Training Pipeline Details
Data Flow
Raw sources (seed, tool, audit, self_play, distilled, etc.)
→ merge_datasets.py (normalize, dedup, 95/5 split)
→ merged_training_v06.jsonl
→ train_lora.py
├─ load_seed_dataset() → conversations format
├─ load_tool_dataset() → messages/text format
└─ formatting_func() → tokenizer.apply_chat_template()
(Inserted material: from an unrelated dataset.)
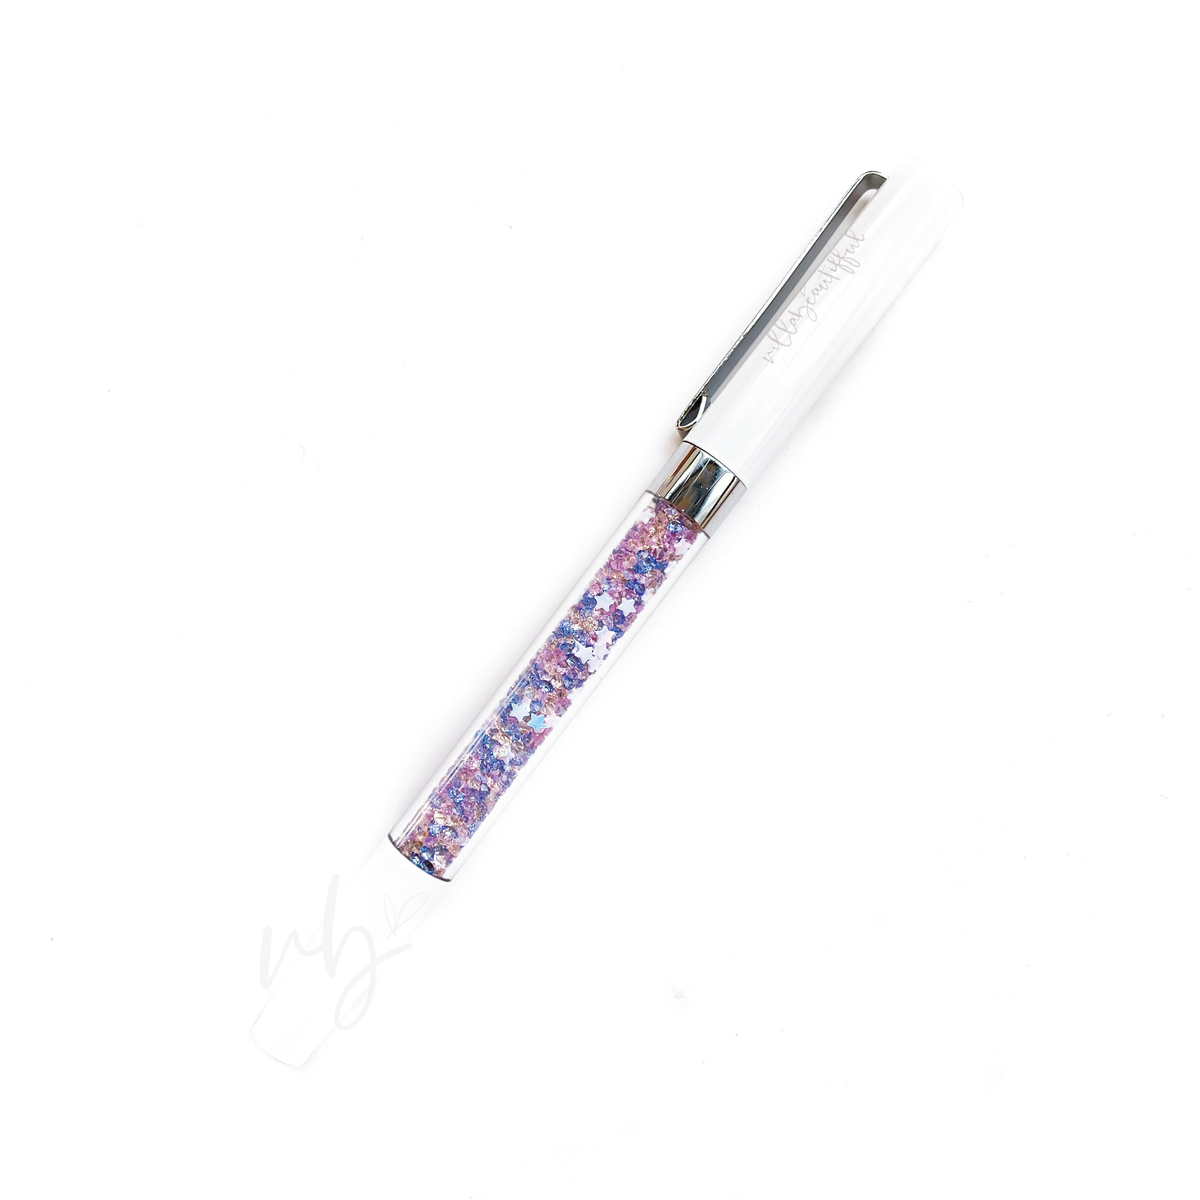 Gertie Imperfect Crystal VBPen | limited pen

→ SFTTrainer (Unsloth, QLoRA 4-bit)
→ LoRA merge → GGUF → quantize → Ollama
Training Config
- Base models: Qwen3-8B, Qwen3.5-9B, Qwen3.5-14B
- Method: QLoRA (4-bit base + FP16 LoRA)
- LoRA: rank 16-64, alpha 32-128, targets q/k/v/o/gate/up/down_proj
- Batch: 2 x 4 grad accum = effective 8
- LR: 2e-4, cosine schedule, 0.1 warmup
- Epochs: 1 (default)
- Packing: enabled
- max_seq_len: 2048
What the Model Actually Trained On
Due to truncation + packing, most training examples were reduced to:
[truncated system prompt fragment][truncated system prompt fragment][truncated...]
The model spent compute learning to predict system prompt text, not learning the user→assistant mapping.